Alevis are not granted their basic rights that boil down to three
demands: 1 - Acknowledgement of their cemevis as places of worship; 2 -
exemption of their children from Sunni religious education in secondary
education; 3 - either abolition of the Religious Affairs Directorate,
which is a Sunni institution, or inclusion of the representatives of
all religions and sects into this institution.
The usurpation of property, especially of Christian citizens in
Turkey, has been a part of a shady past but still persists. The Supreme
Court of Appeals of Turkey, namely the Yargitay, is on record calling
non-Muslim citizens of Turkey "resident a liens" in the 1970s while
endorsing the official confiscation of their property.
If you believe that this is all in the unsavoury past, you are wrong.

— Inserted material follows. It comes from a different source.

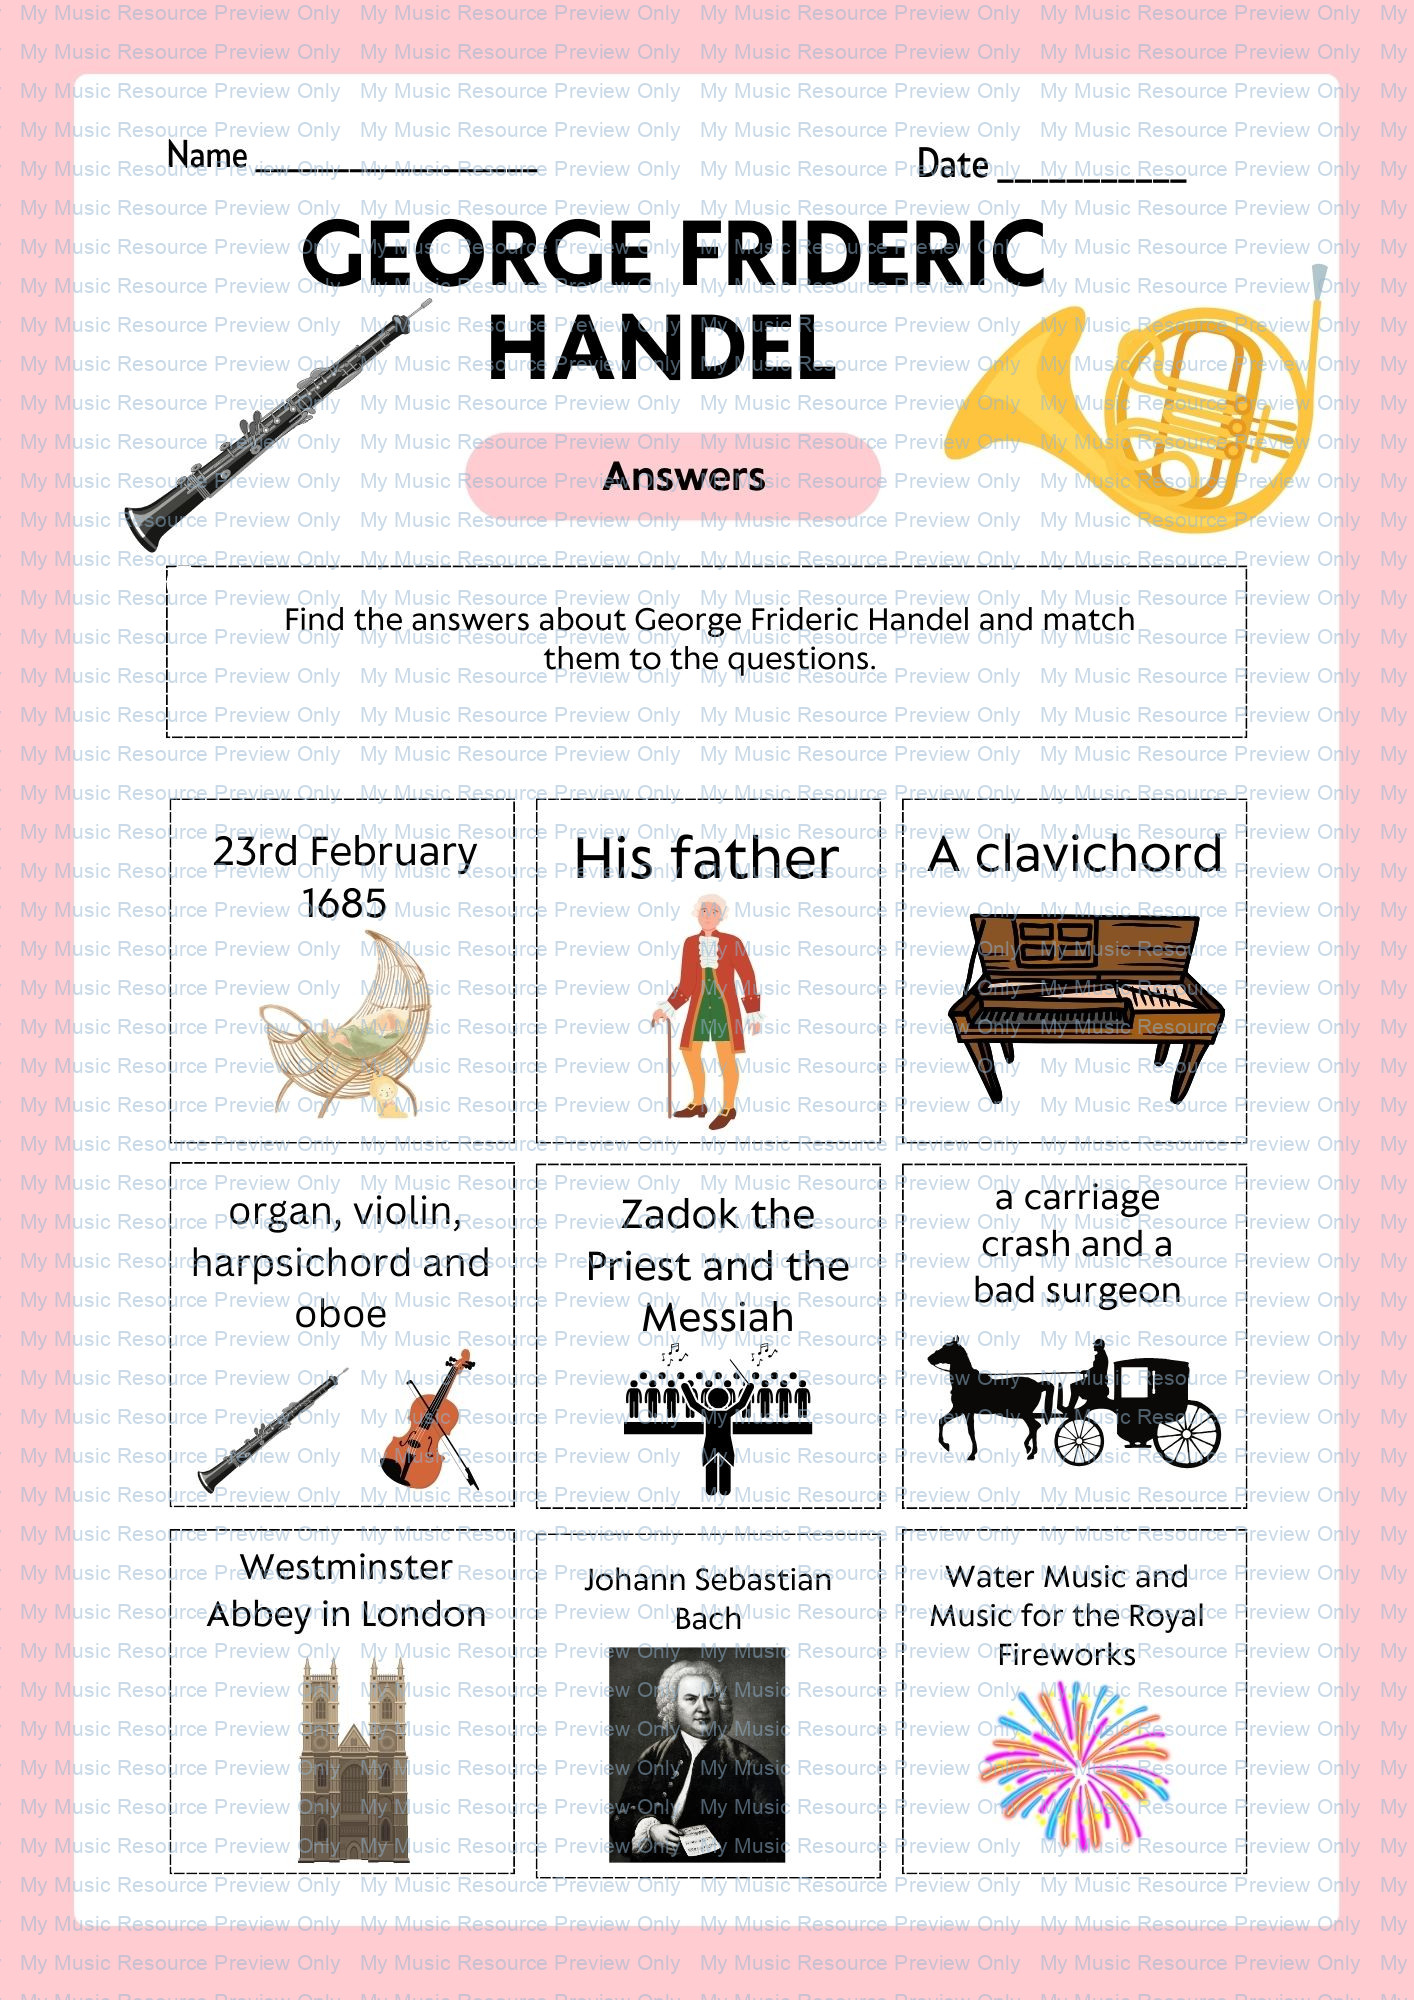 Handel's firework music

The fields (276 acres) owned by the Mor (Saint) Gabriel Monastery
of the Aramean Christians near Mardin, which date back to the first
centuries of Christendom (before the advent of the Turks and the
creation of the Ottoman state) is under the attack from the local
villagers.
The local court has examined the evidence and ruled that the property
belongs to the monastery, which has presented its title deed,
receipts of tax payments, etc. However, the Supreme Court of Appeals
has overturned the local court's judgment and decided in favour of
the local claimants. However, in the meantime all the supporting
evidence presented by the legal representative of the monastery has
disappeared from the court's files.
Can we claim to be a just nation if we treat our minorities who
have placed the responsibility of protecting their lives, rights
and freedoms on us, the Muslim Turkish majority? Can we be the right
model for the post-revolutionary societies in the Middle East seeking
a democratic future where the rule of law will shape their political
systems?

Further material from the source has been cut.